In India, section 3 of the Prevention of Insults to the National Honour Act, 1971 (pdf) provides that “whoever intentionally prevents the singing of the Indian National Anthem or causes disturbances to any assembly engaged in such singing” commits an offence. Preventing disturbance is one thing, but penalising non-conformity is quite another. There is still frequent controversy in India when people remain seated for the national anthem before a movie. Indeed, it took a court case in 2005 to decide that merely sitting down does not prevent or disturb the singing of the anthem within the meaning of section 3.

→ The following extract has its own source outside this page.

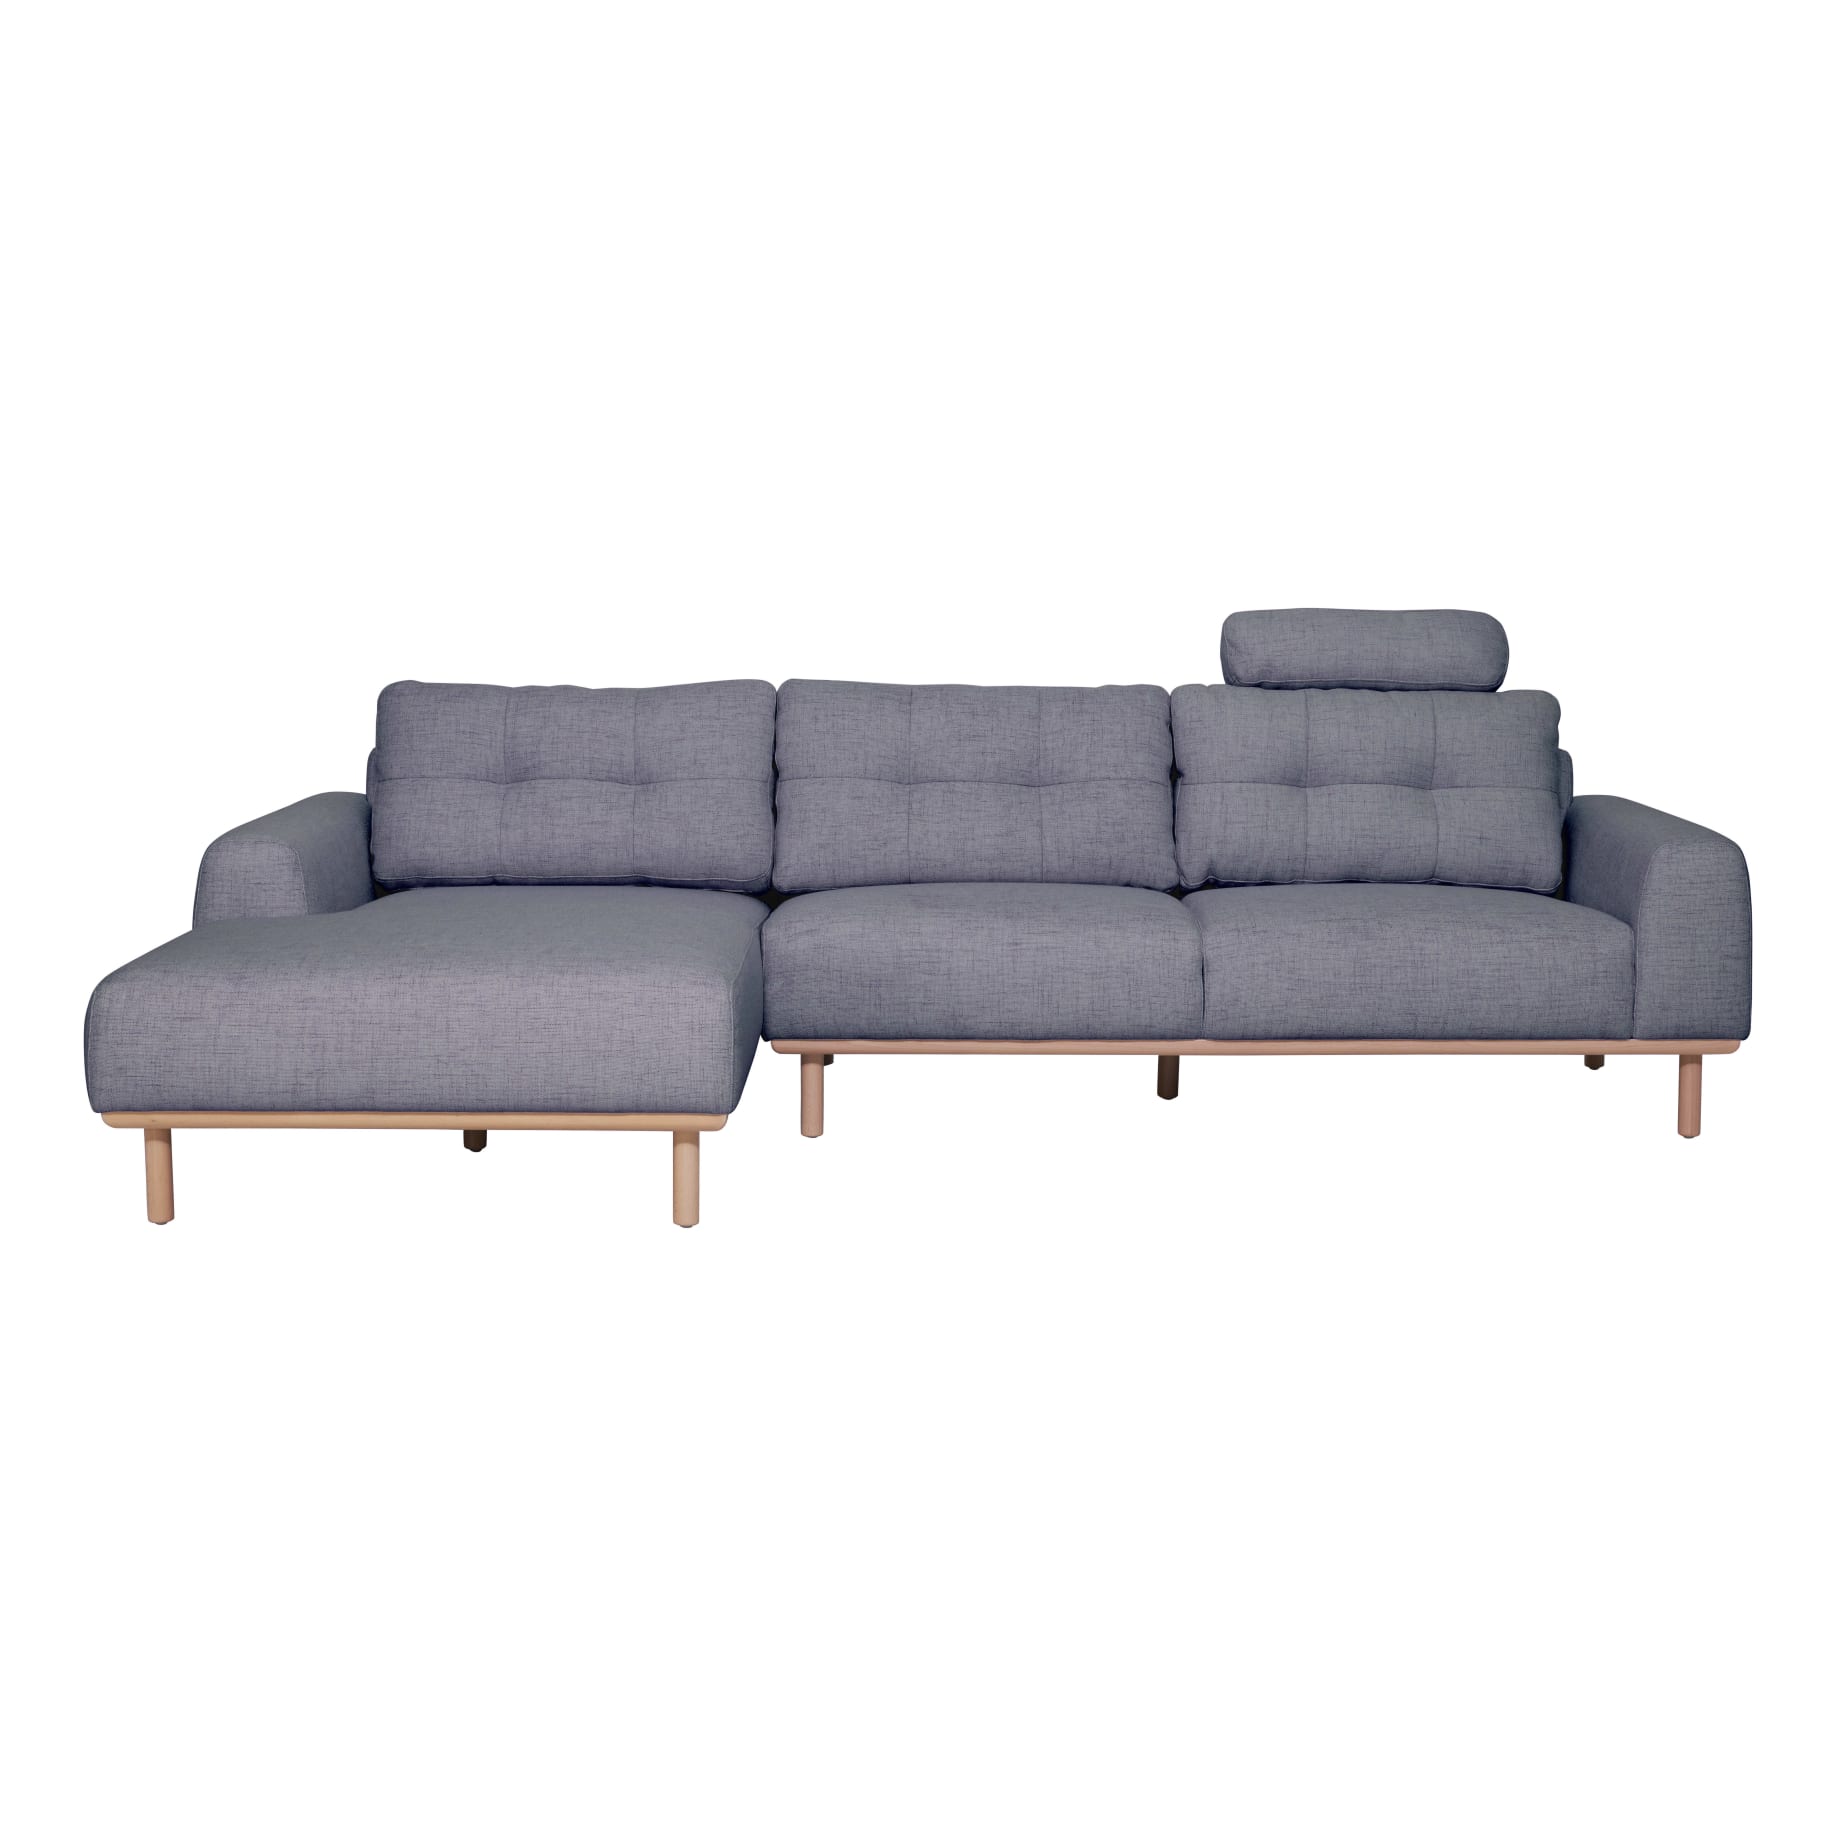 Stratton 3 Seater+Chaise LHF in Cloud Pewter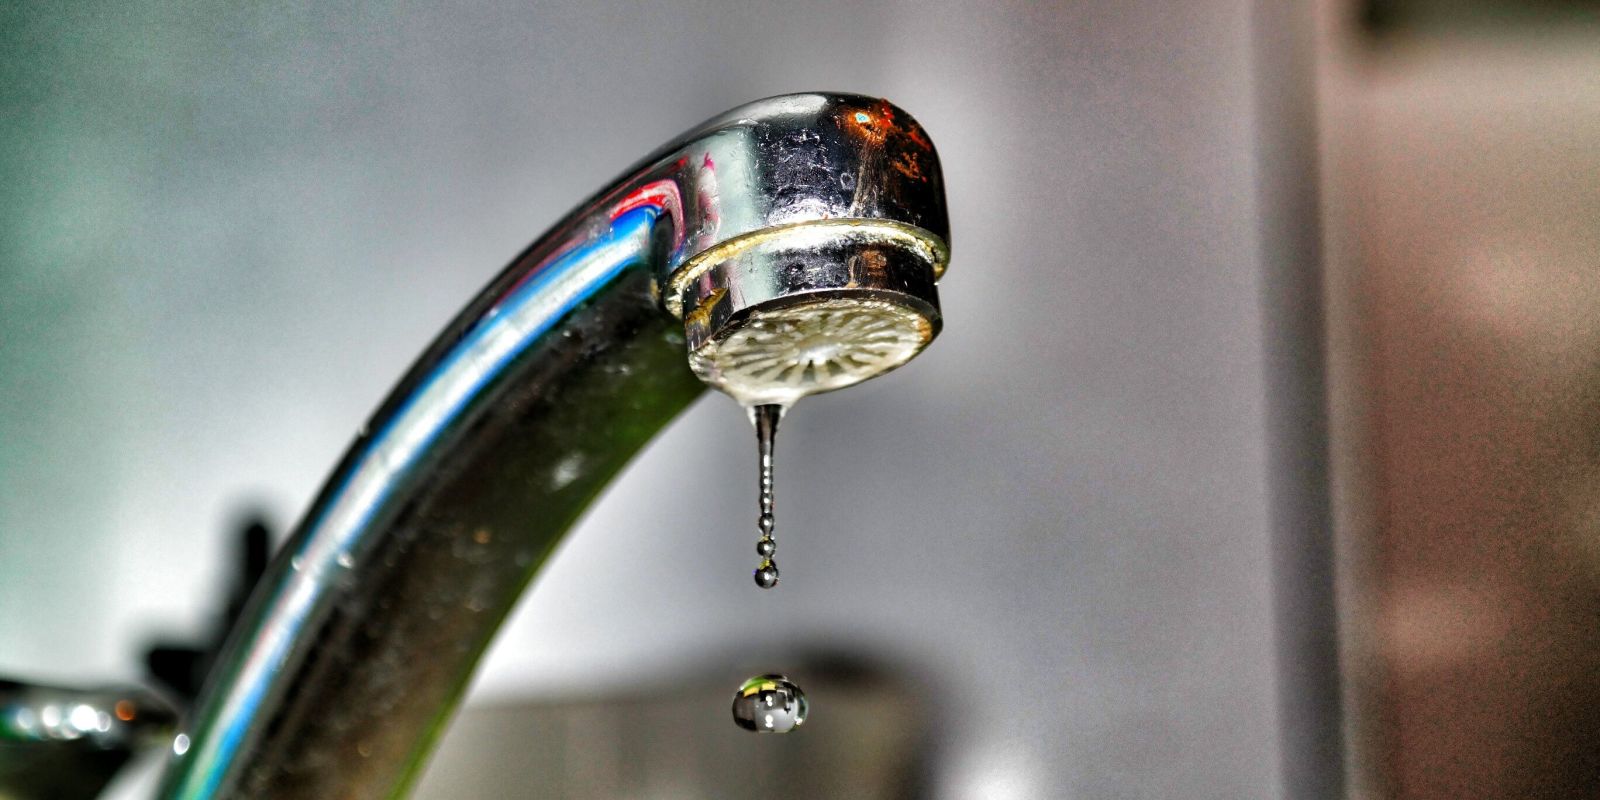 How to Fix a Leaking Tap Without Getting Professional Help

For the purposes of musing on what should and should not be in a National Anthem Bill, the lesson here is to ensure that any provision preventing disturbance of the singing of the anthem cannot be used to punish political dissent or social non-conformity. In an Irish context, the Criminal Justice (Public Order) Acts, 1994 (also here) to 2011 (also here) provide for public order offences, and questions of disturbance of the singing of the anthem should be left to that context. It may be that disorder during the performance of the anthem could be made an aggravating factor in sentencing for a public order offence, but anything more than that, making disturbance of the singing of the anthem itself an offence would go too far. It would convert protocol to obligation, and it would over-penalise political dissent or social non-conformity. Much better in a National Anthem Bill to provide merely what those listening to it “should” do, and permit the general law on public order to deal with disturbances to the singing of the anthem. People like Tommie Smith, John Carlos, Mahmoud Abdul-Rauf and Colin Kaepernick should be able to make their protests during the anthem, even if politicians like Barack Obmama and Jeremy Corbyn are criticised for their singing voices.
So, we should be able to debate whether the GAA should continue to play the national anthem before matches, and the likes of Rory McIlroy or Conor McGregor should be able to make a point about or with it, and it shouldn’t matter if a Taoiseach sings the anthem or not, without running foul of a National Anthem Bill.